AIM OF THE EXERCISE
Could you give the data below again exactly, apart from the pictures?

DATA BELOW
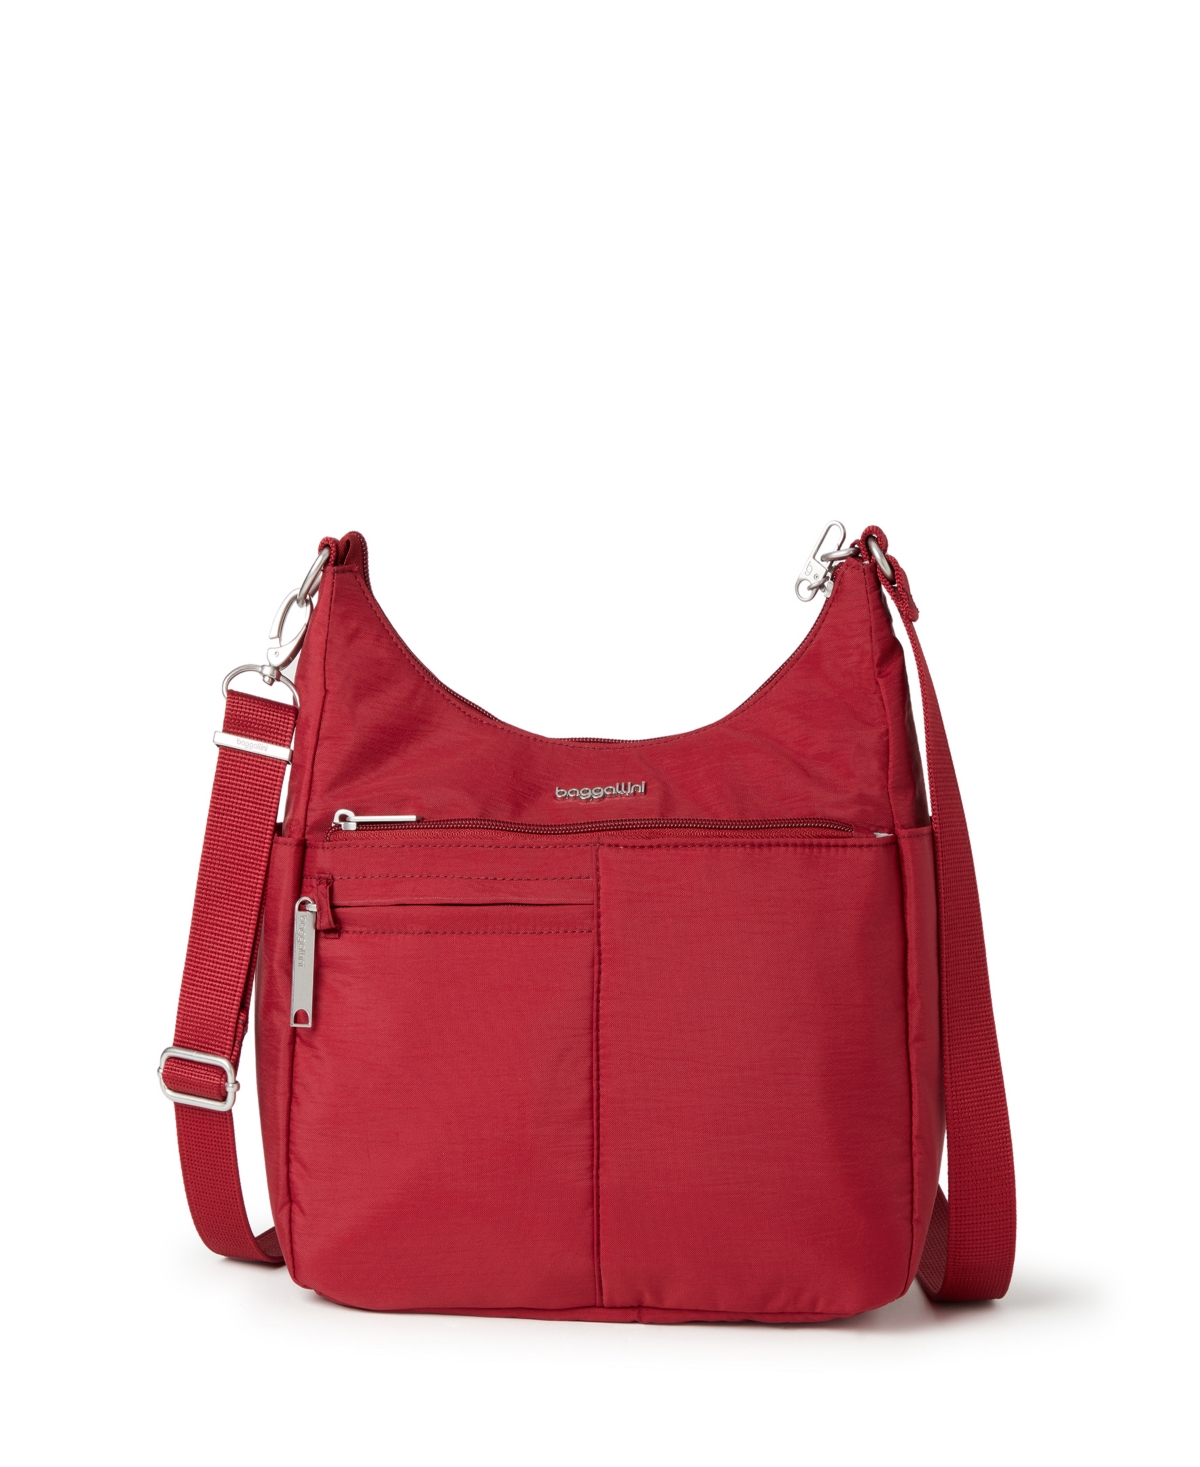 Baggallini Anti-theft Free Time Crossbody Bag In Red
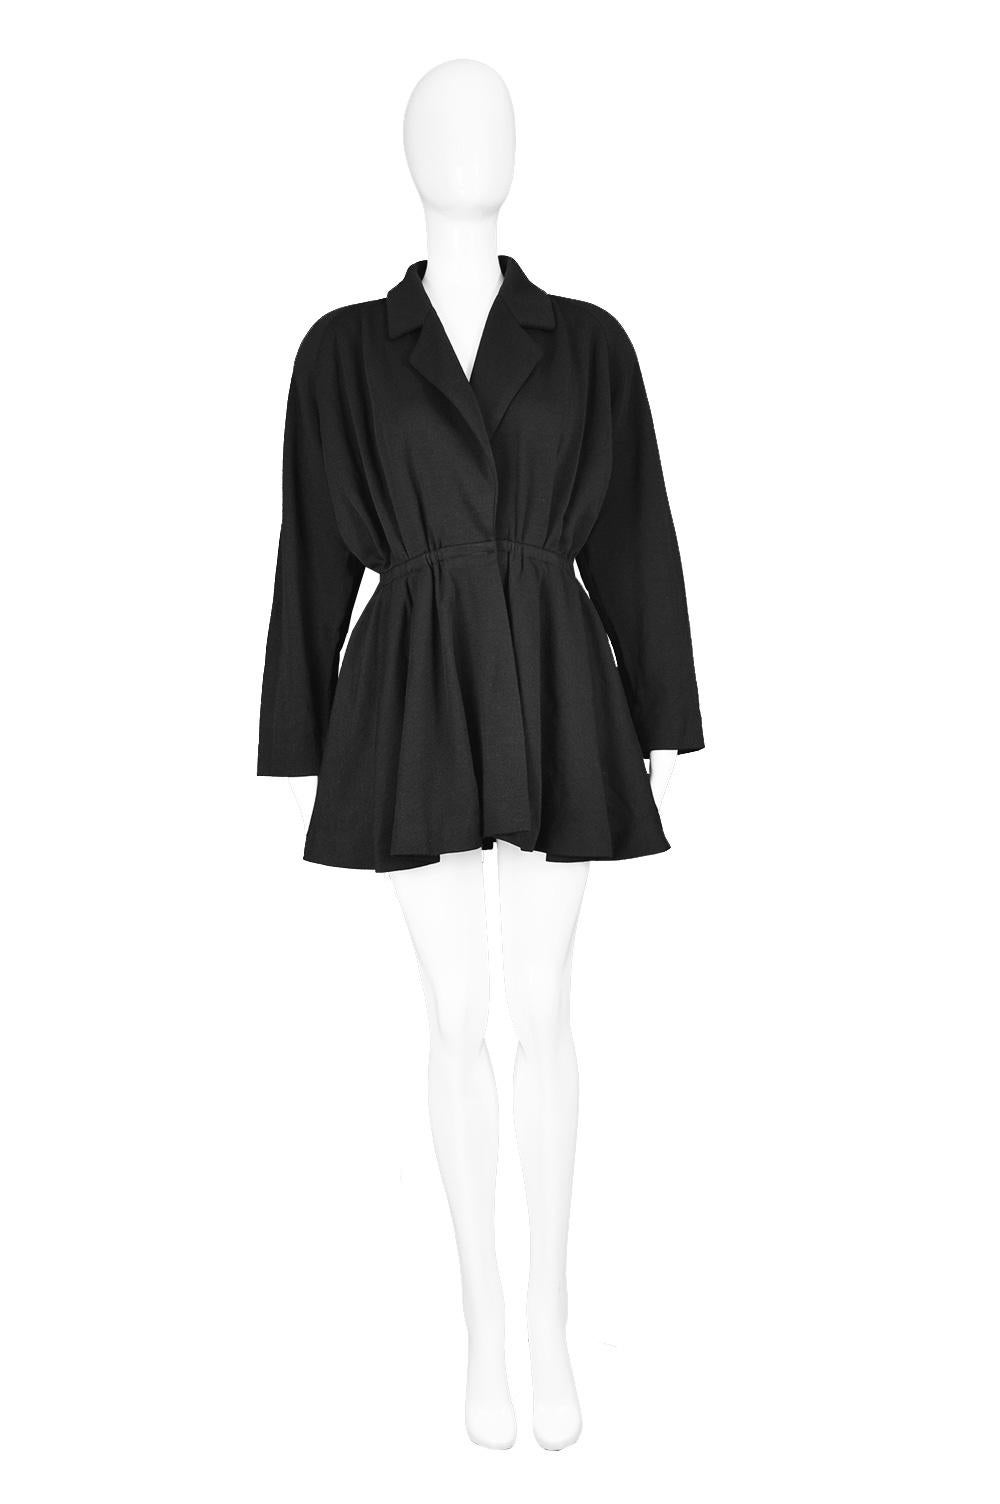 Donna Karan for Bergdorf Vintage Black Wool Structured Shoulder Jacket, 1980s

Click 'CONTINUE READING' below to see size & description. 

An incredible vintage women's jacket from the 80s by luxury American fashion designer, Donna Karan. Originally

ANSWER TO THIS EXERCISE
 Baggallini Anti-theft Free Time Crossbody Bag In Red
 Donna Karan for Bergdorf Vintage Black Wool Structured Shoulder Jacket, 1980s

Click 'CONTINUE READING' below to see size & description. 

An incredible vintage women's jacket from the 80s by luxury American fashion designer, Donna Karan. Originally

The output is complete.